-- STORED DATA --
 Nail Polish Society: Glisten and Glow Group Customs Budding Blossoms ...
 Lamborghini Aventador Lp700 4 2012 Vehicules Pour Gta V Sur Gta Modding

...

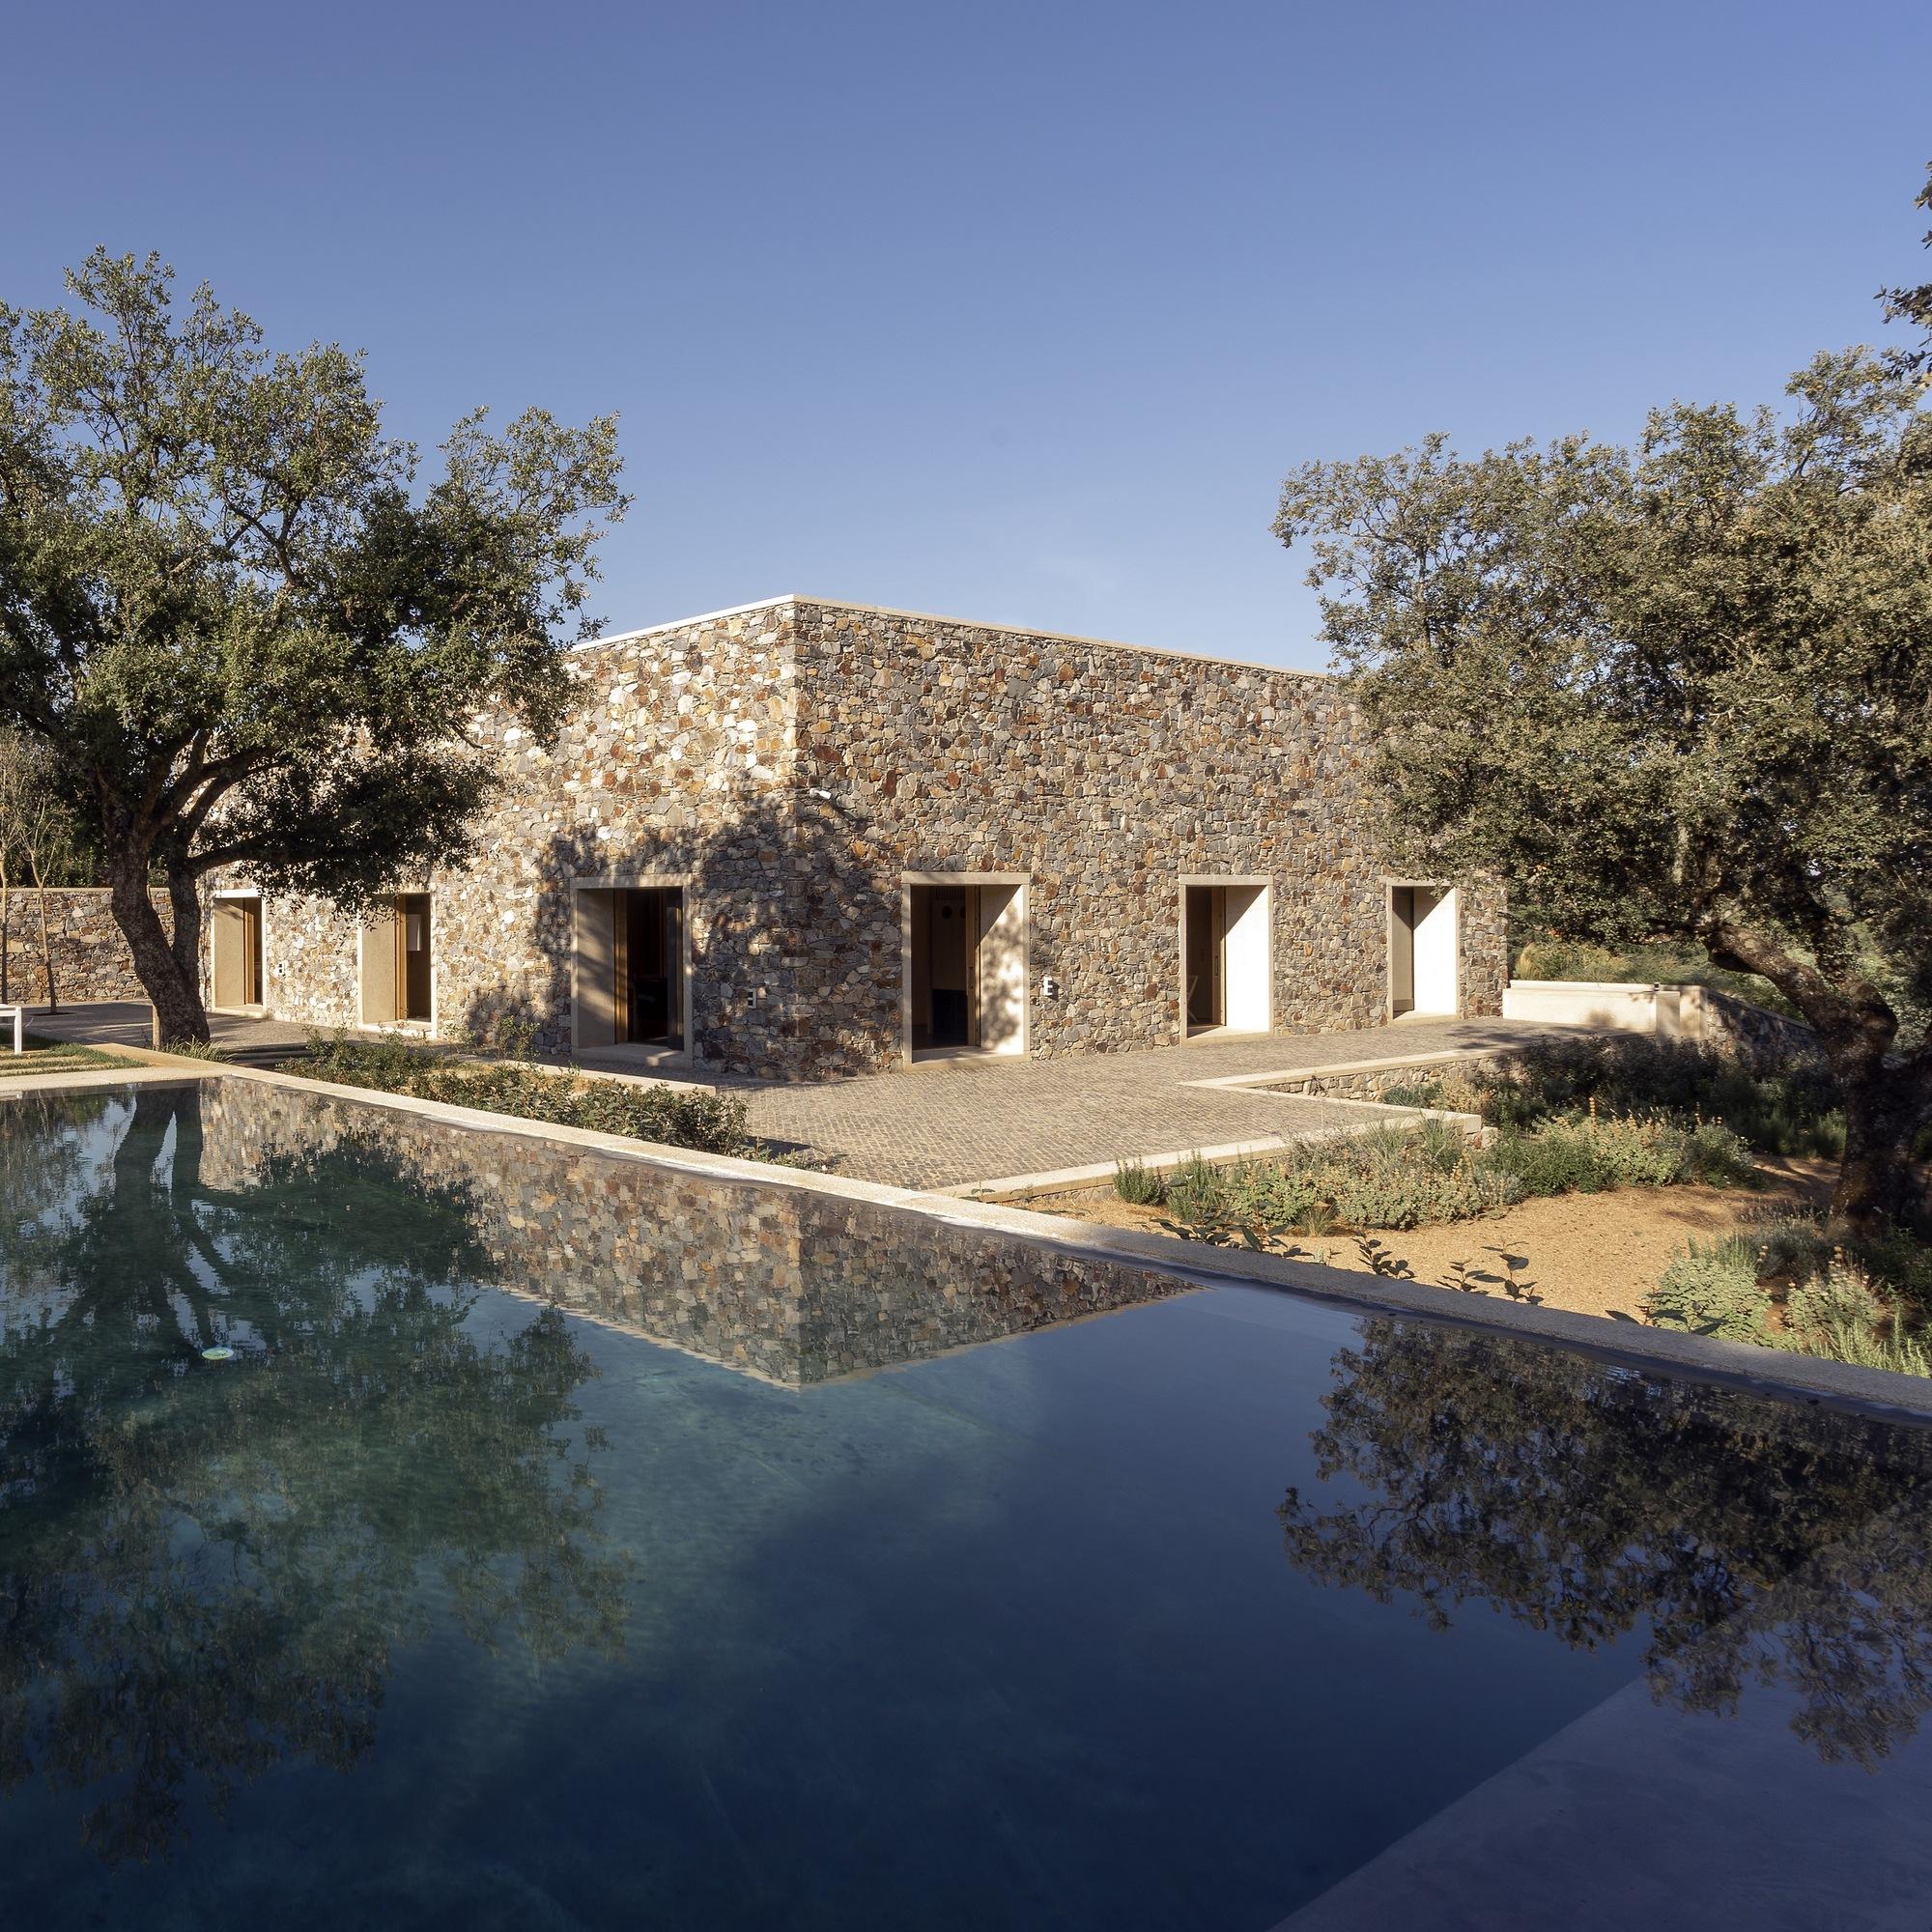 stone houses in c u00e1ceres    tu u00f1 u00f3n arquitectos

-- TASK DIRECTIONS --
Print again the lines of the entries above that fall between the line holding "Nail Polish Society: Glisten" and the line holding "Lamborghini Aventador Lp700", inclusive, exactly as they stand.

-- OUTPUT OF THE EXERCISE --
 Nail Polish Society: Glisten and Glow Group Customs Budding Blossoms ...
 Lamborghini Aventador Lp700 4 2012 Vehicules Pour Gta V Sur Gta Modding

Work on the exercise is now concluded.